PROVIDED ENTRIES ::
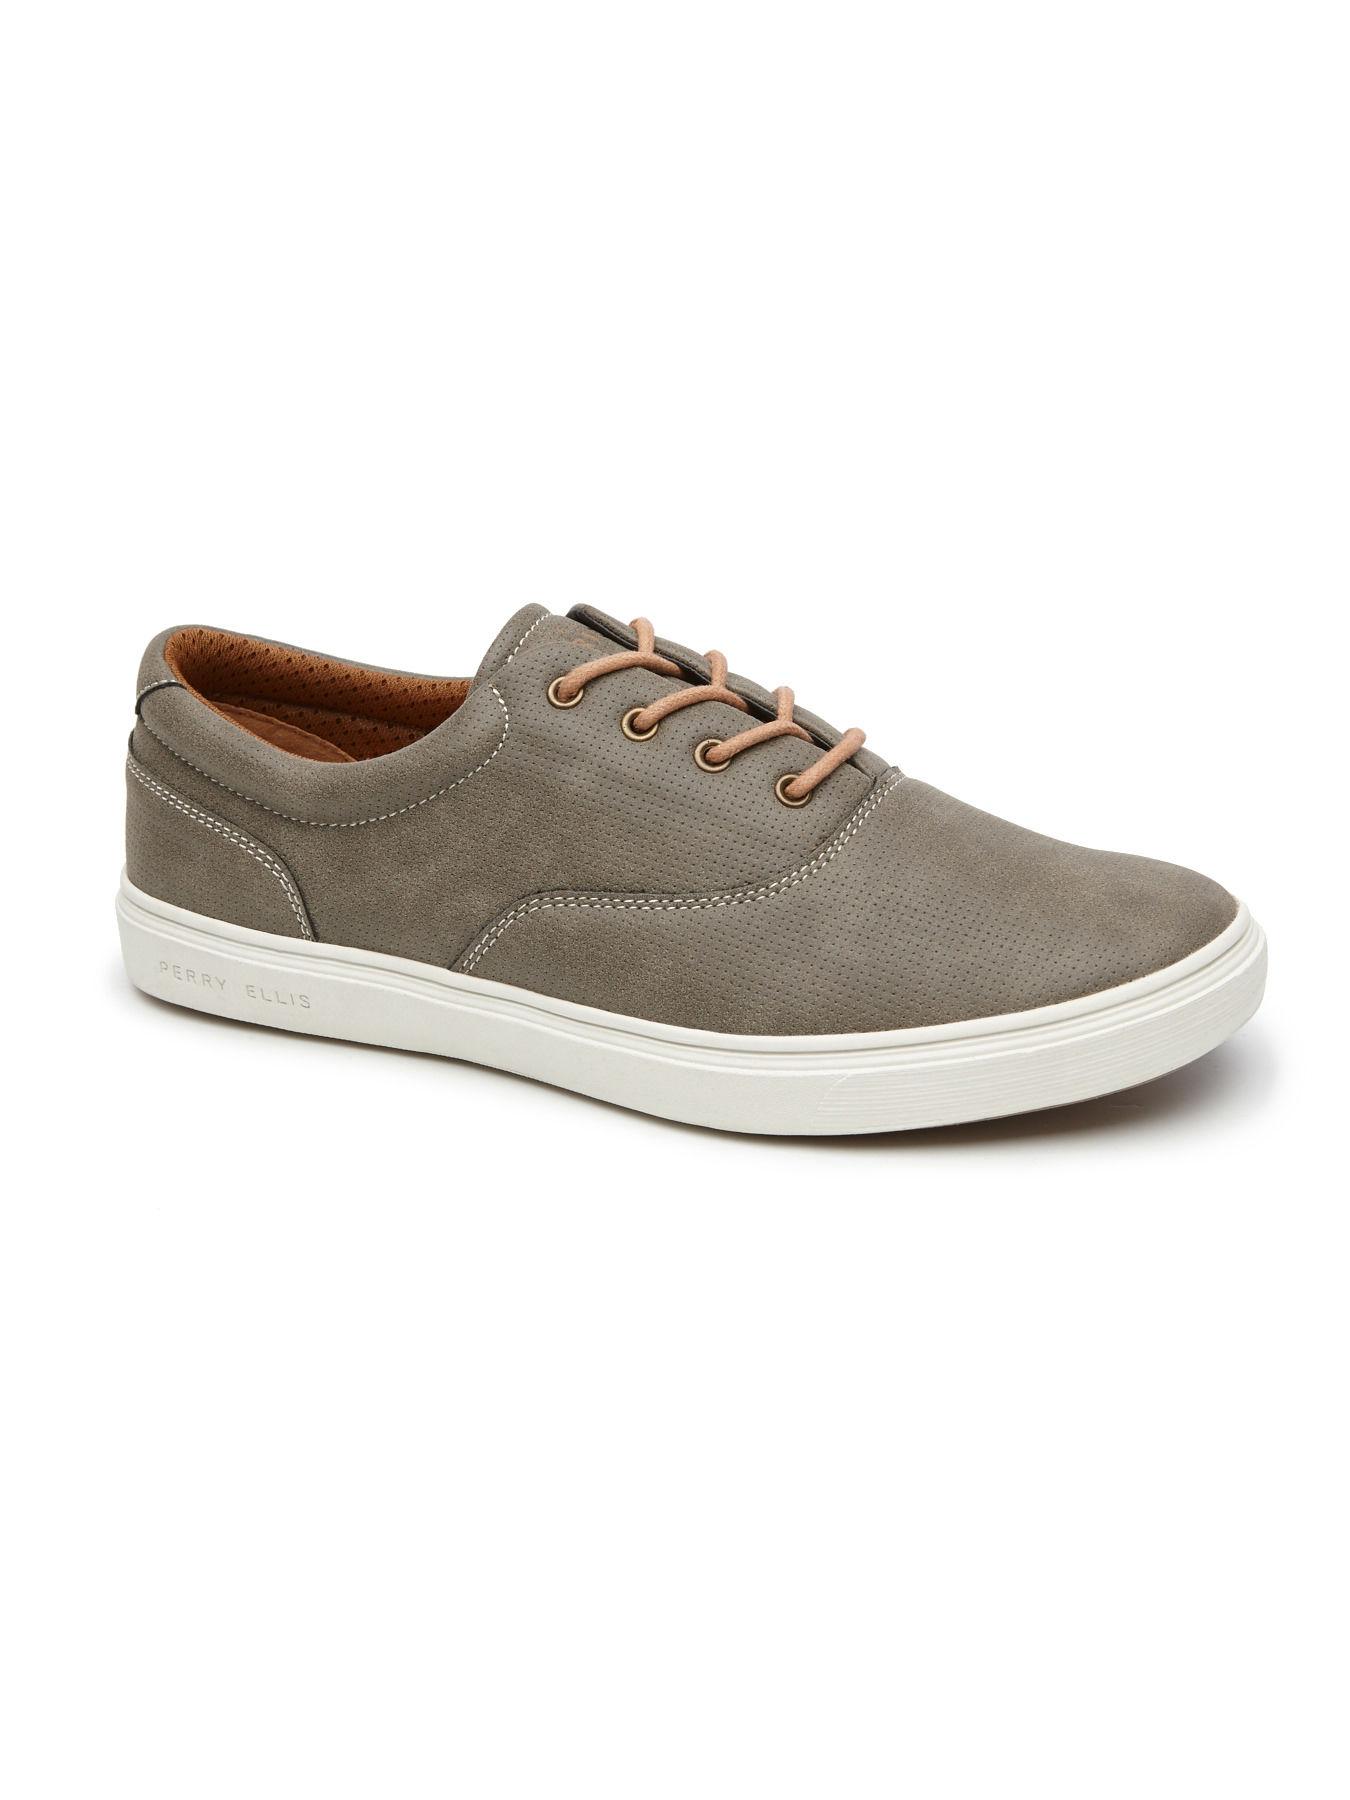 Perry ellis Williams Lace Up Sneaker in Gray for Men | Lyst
--
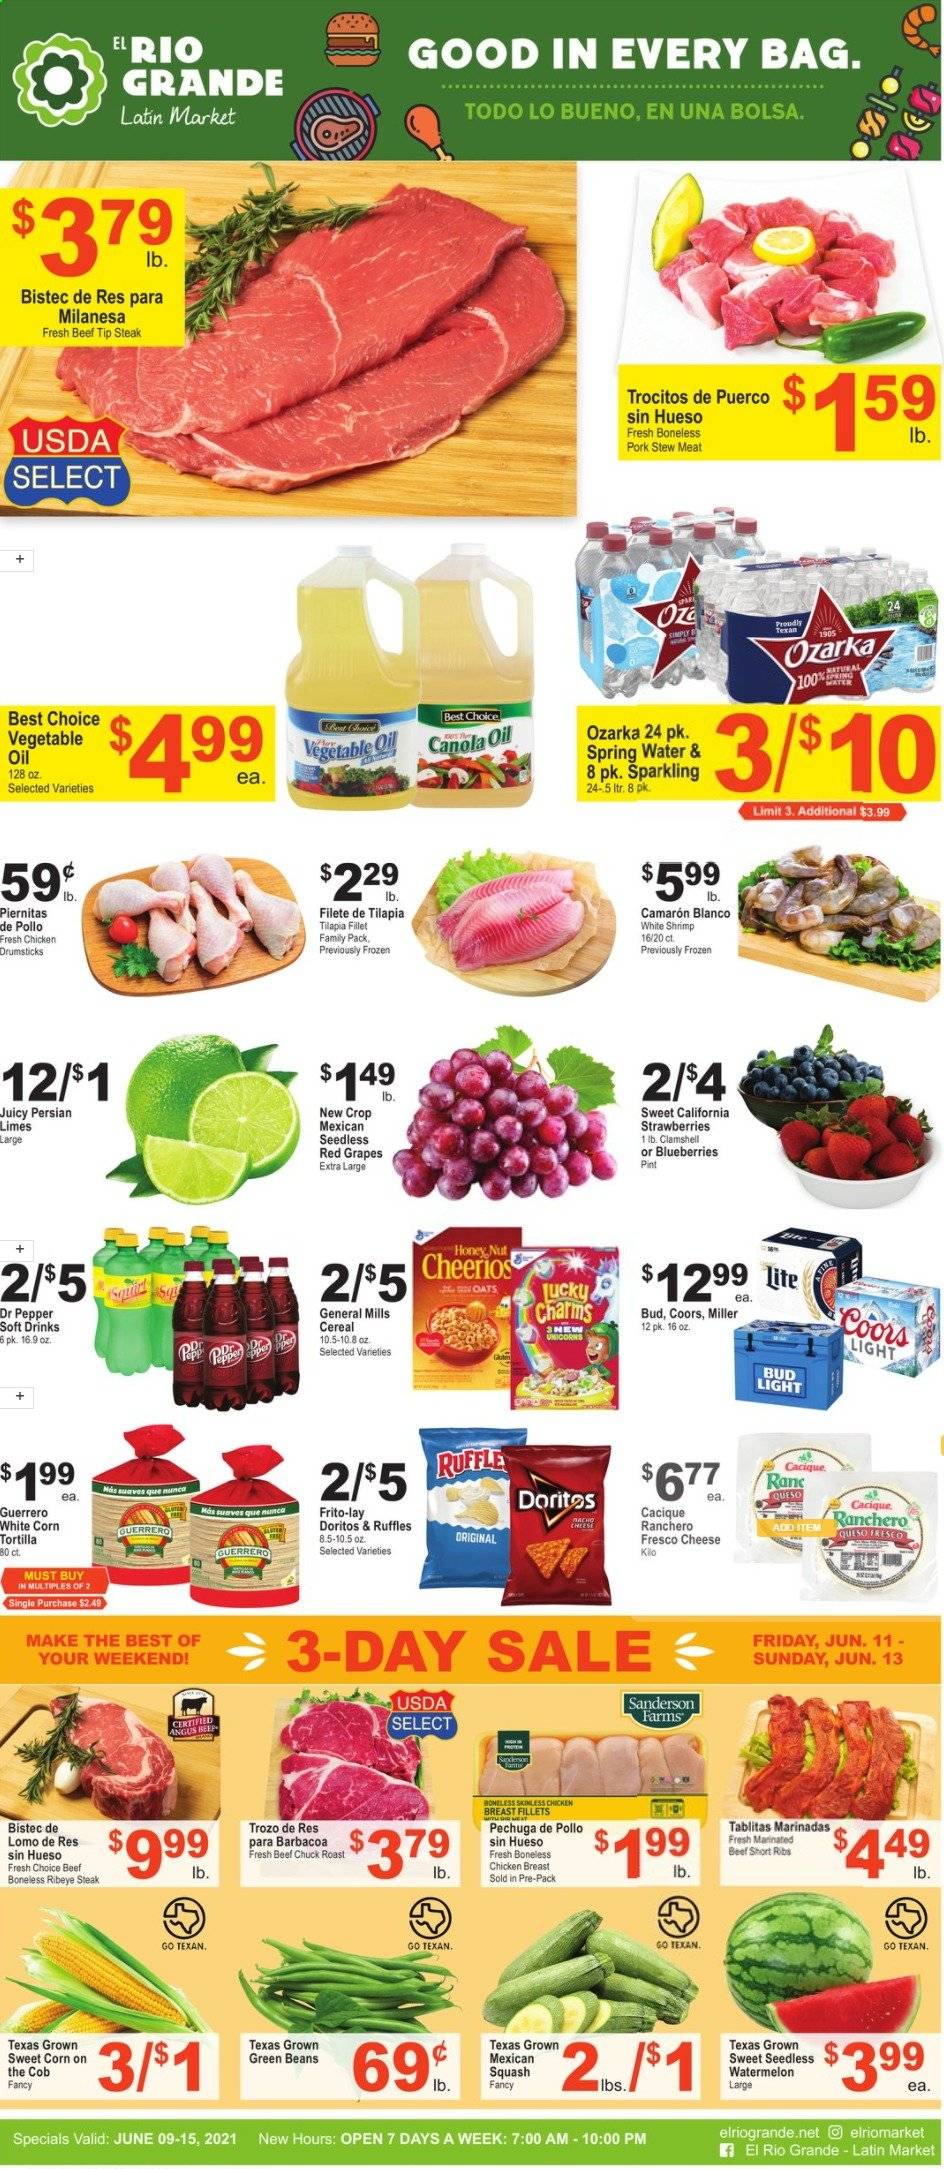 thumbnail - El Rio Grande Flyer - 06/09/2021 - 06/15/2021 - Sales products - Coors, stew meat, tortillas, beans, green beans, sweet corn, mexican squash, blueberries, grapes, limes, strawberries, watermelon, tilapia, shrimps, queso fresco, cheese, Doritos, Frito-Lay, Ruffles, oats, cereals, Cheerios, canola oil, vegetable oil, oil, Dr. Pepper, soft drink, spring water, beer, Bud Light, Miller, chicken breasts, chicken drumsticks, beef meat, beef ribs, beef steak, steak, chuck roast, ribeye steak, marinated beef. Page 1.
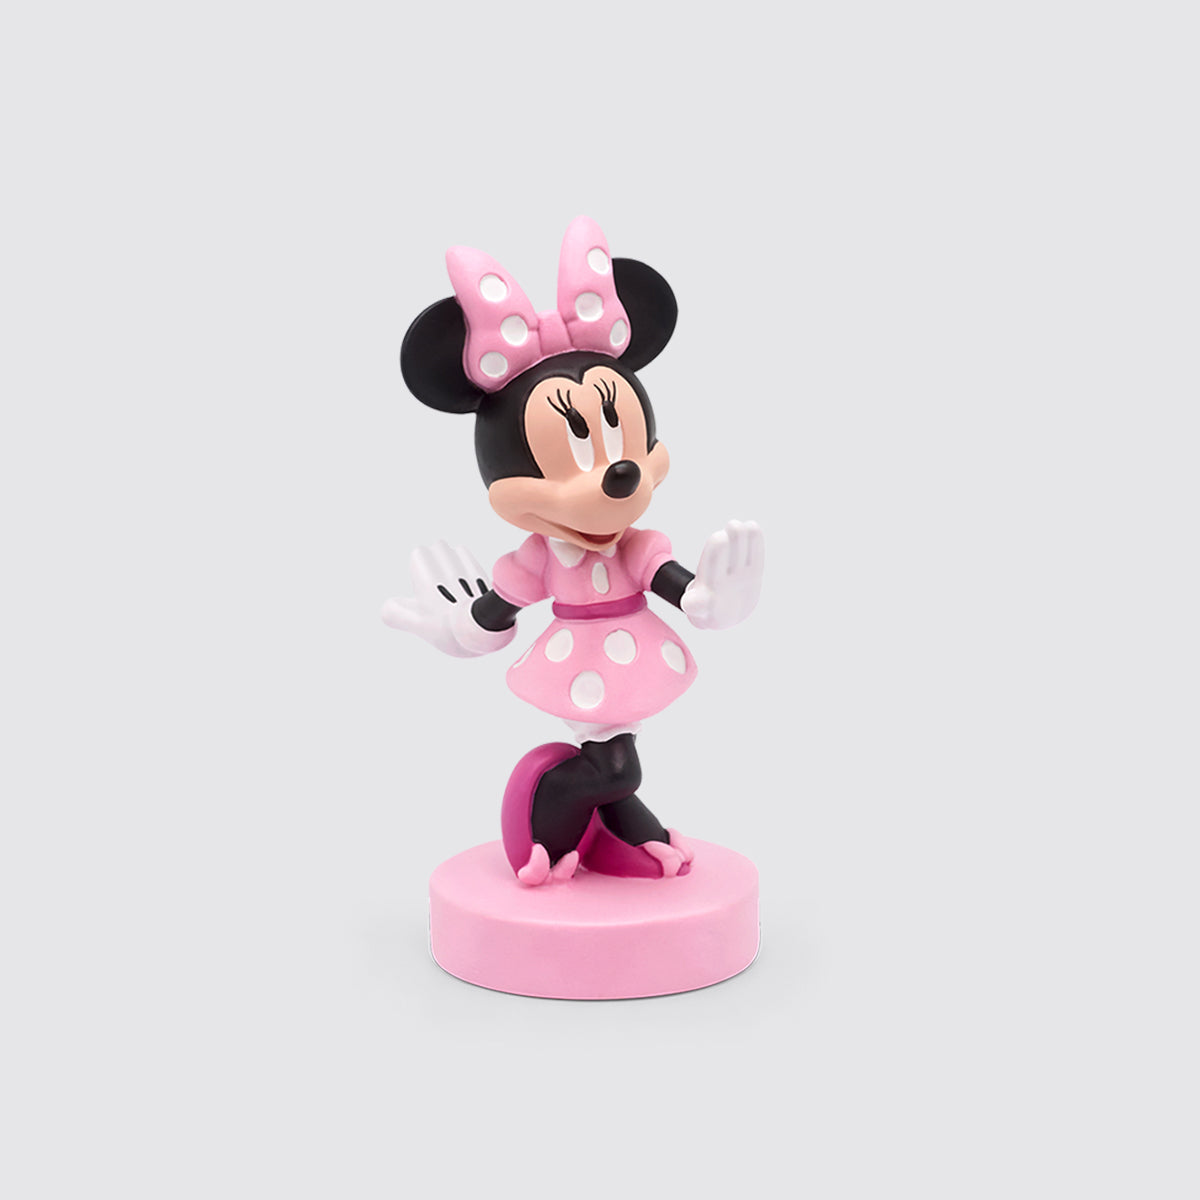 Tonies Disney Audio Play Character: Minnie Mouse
* * *
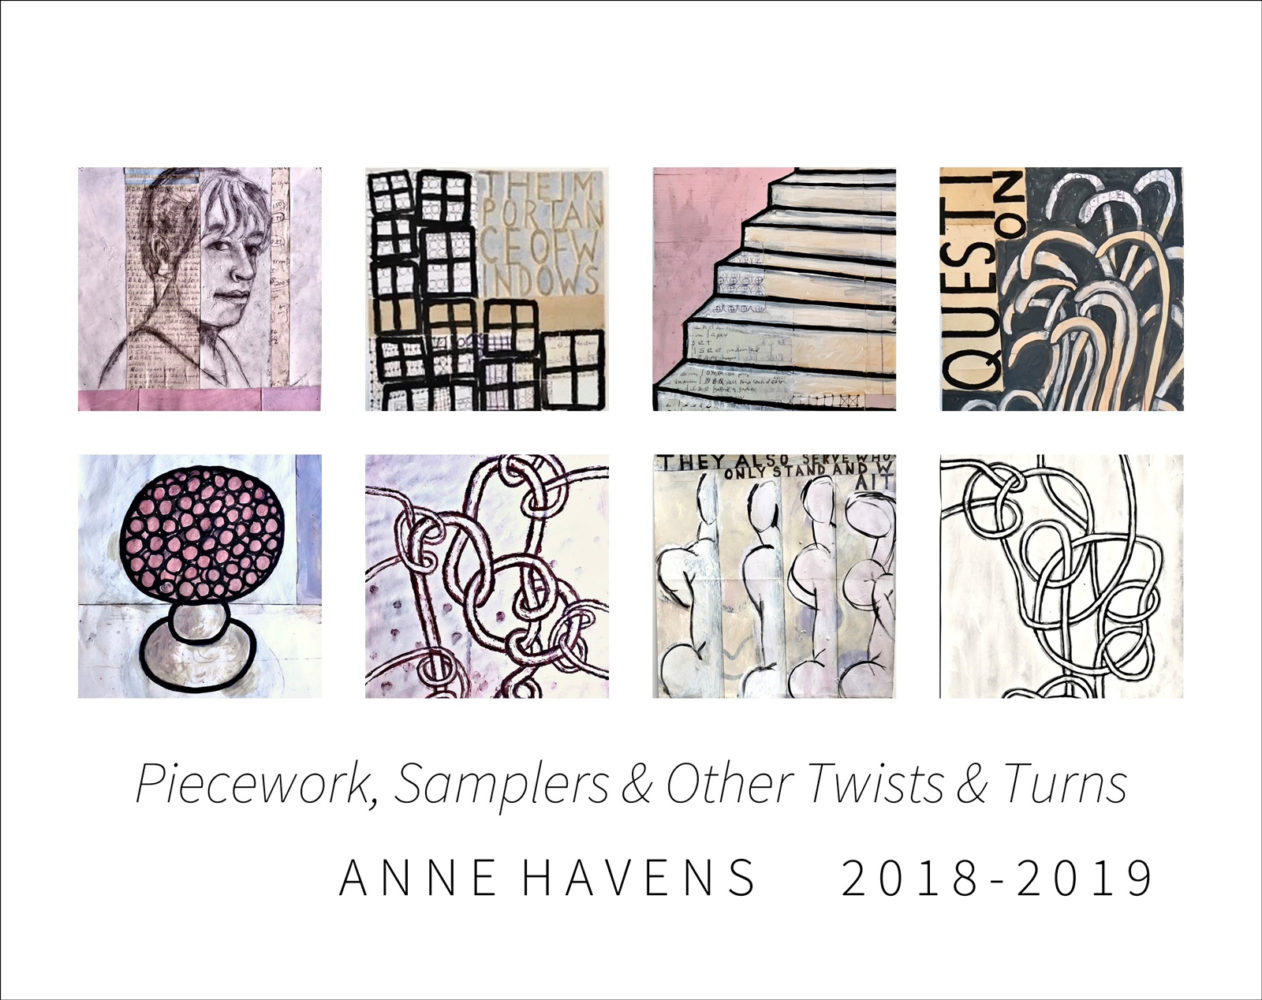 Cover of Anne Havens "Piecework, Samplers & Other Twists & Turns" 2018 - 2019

ASSIGNMENT :: Start with the line above containing "thumbnail - El" and end with the line containing "Tonies Disney Audio". Set down that stretch exactly, without any pictures.

COMPLETED EXERCISE ::
 thumbnail - El Rio Grande Flyer - 06/09/2021 - 06/15/2021 - Sales products - Coors, stew meat, tortillas, beans, green beans, sweet corn, mexican squash, blueberries, grapes, limes, strawberries, watermelon, tilapia, shrimps, queso fresco, cheese, Doritos, Frito-Lay, Ruffles, oats, cereals, Cheerios, canola oil, vegetable oil, oil, Dr. Pepper, soft drink, spring water, beer, Bud Light, Miller, chicken breasts, chicken drumsticks, beef meat, beef ribs, beef steak, steak, chuck roast, ribeye steak, marinated beef. Page 1.
 Tonies Disney Audio Play Character: Minnie Mouse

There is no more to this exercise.